Task prompt> Transcribe only the lines in the data below falling between the line with "Male kangaroo in" and the line with "recycled-green-auto-parts-info-graphic", including those two lines, and leave out any picture.

Record set>
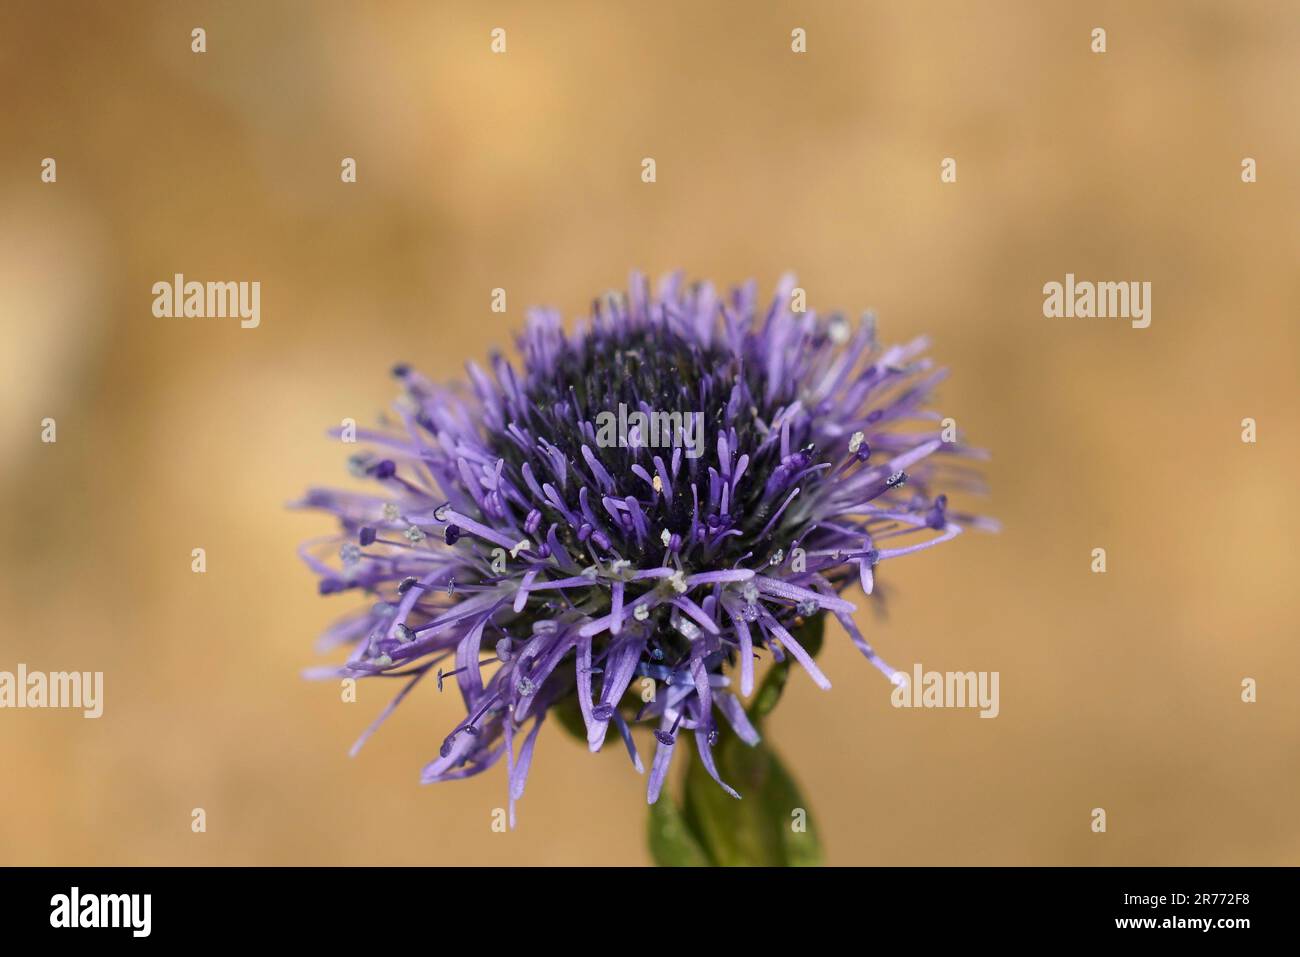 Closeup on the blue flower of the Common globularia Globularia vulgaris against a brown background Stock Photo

...

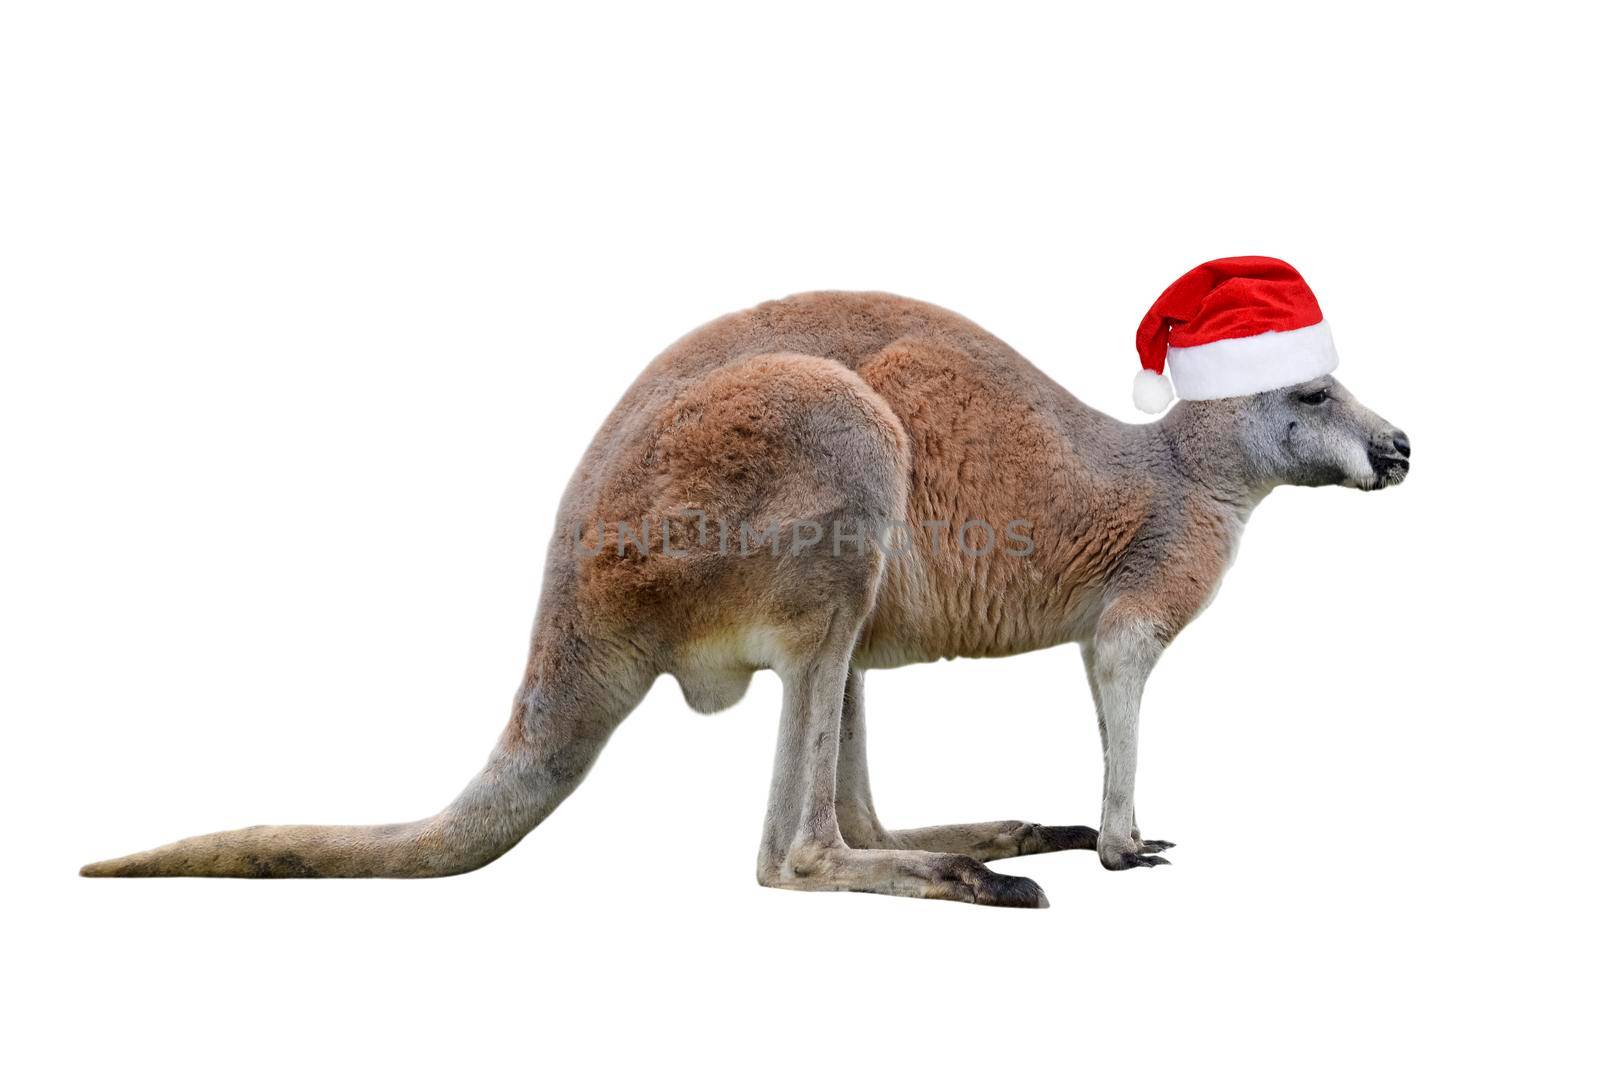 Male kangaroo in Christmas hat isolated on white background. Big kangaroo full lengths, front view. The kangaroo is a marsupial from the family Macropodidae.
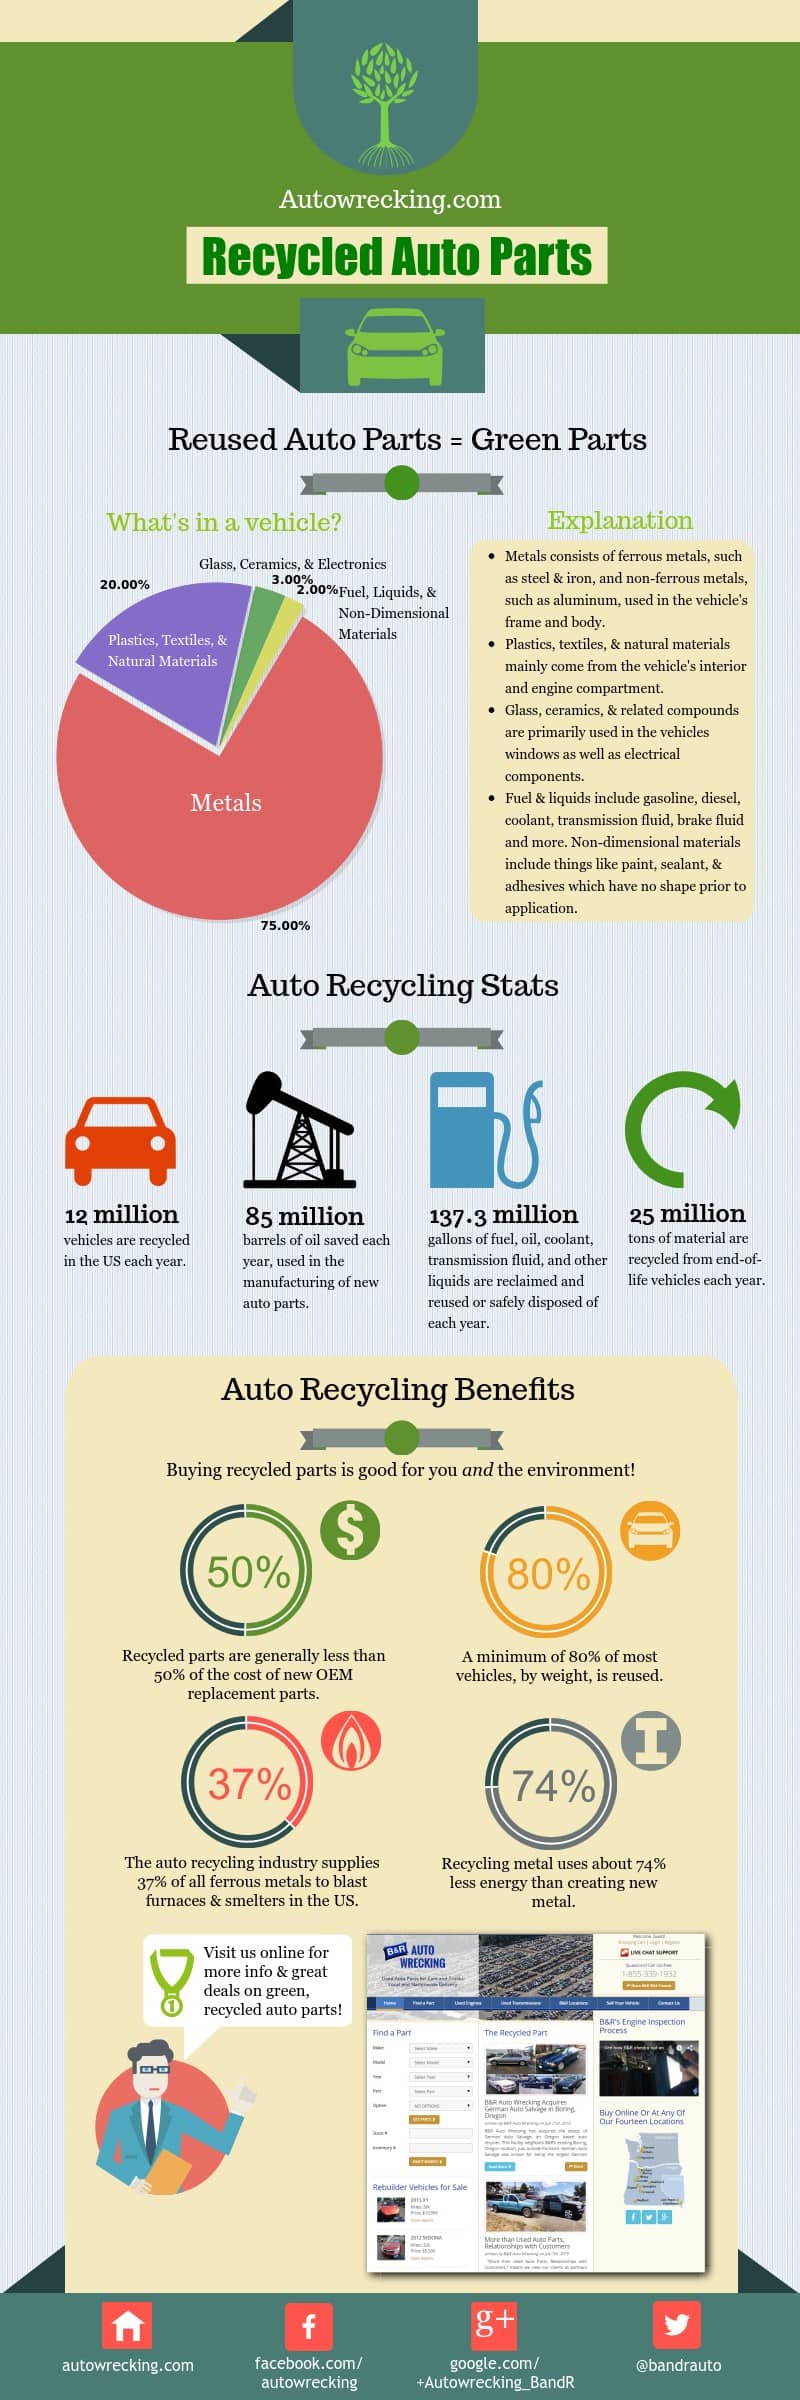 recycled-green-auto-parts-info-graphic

...

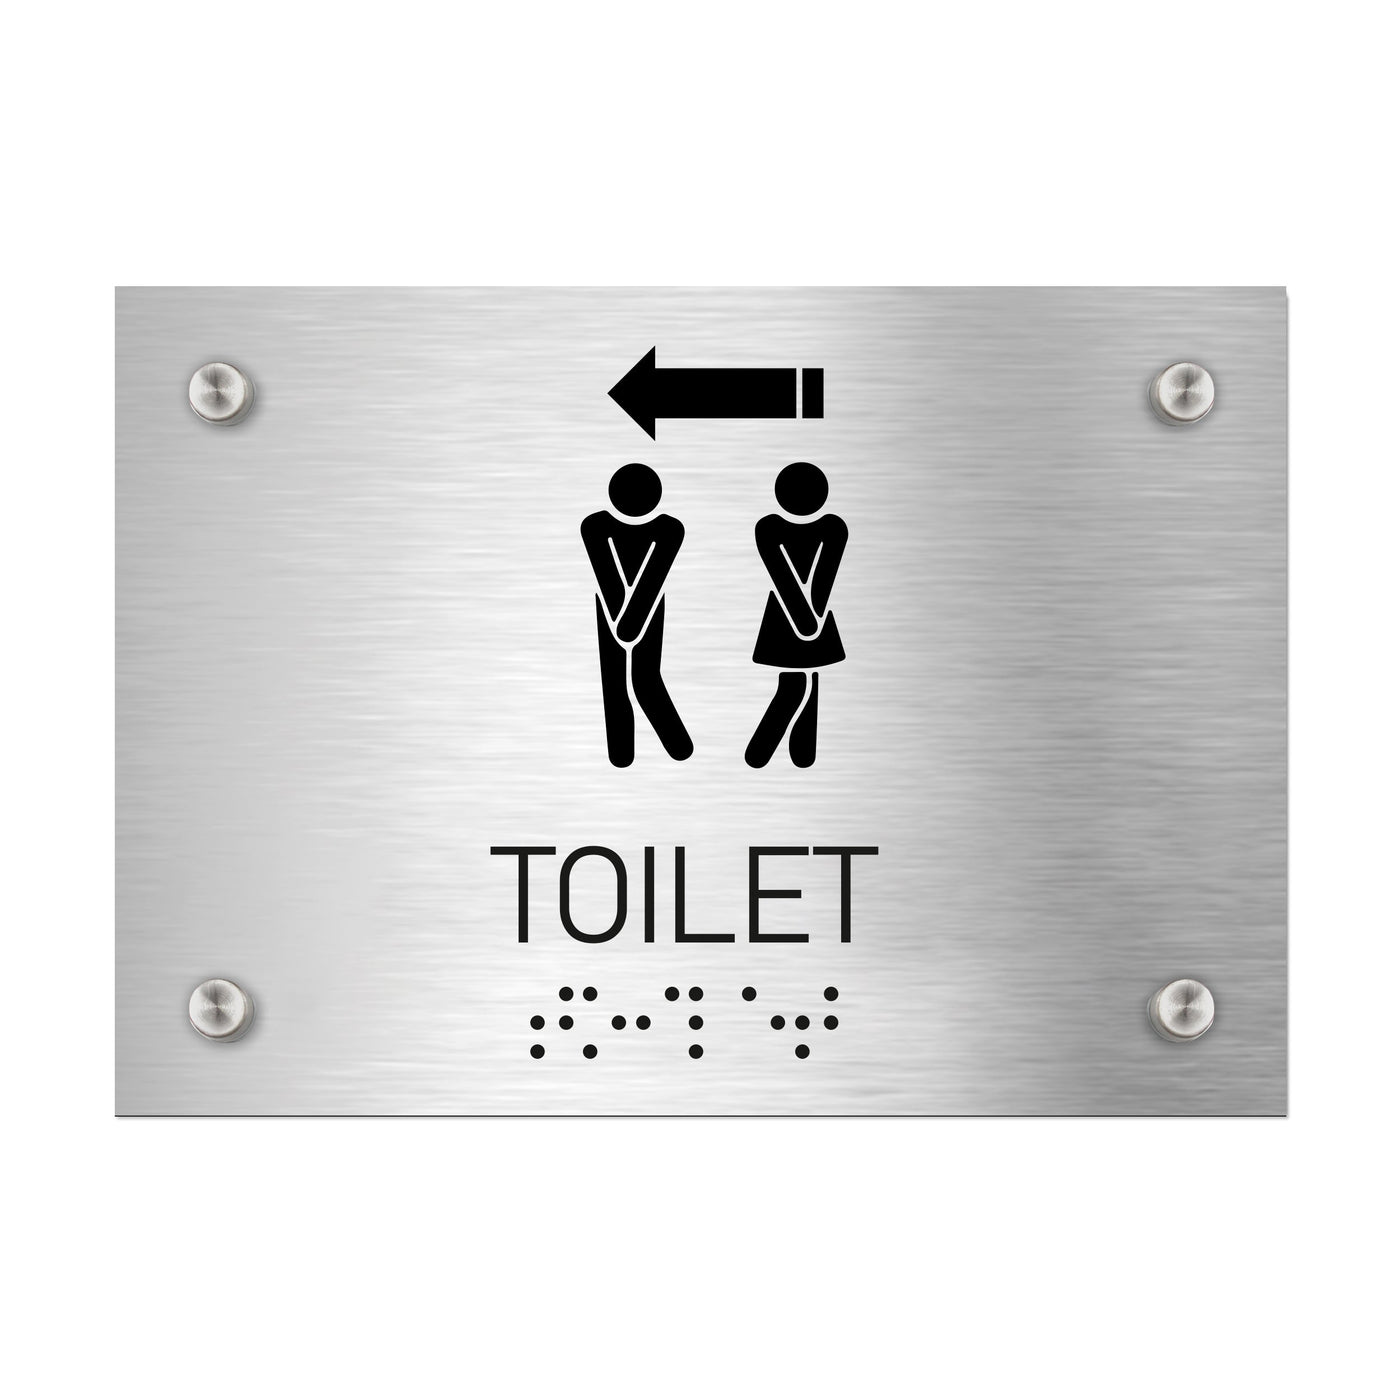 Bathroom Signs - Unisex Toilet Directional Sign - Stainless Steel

Completed task>
 Male kangaroo in Christmas hat isolated on white background. Big kangaroo full lengths, front view. The kangaroo is a marsupial from the family Macropodidae.
 recycled-green-auto-parts-info-graphic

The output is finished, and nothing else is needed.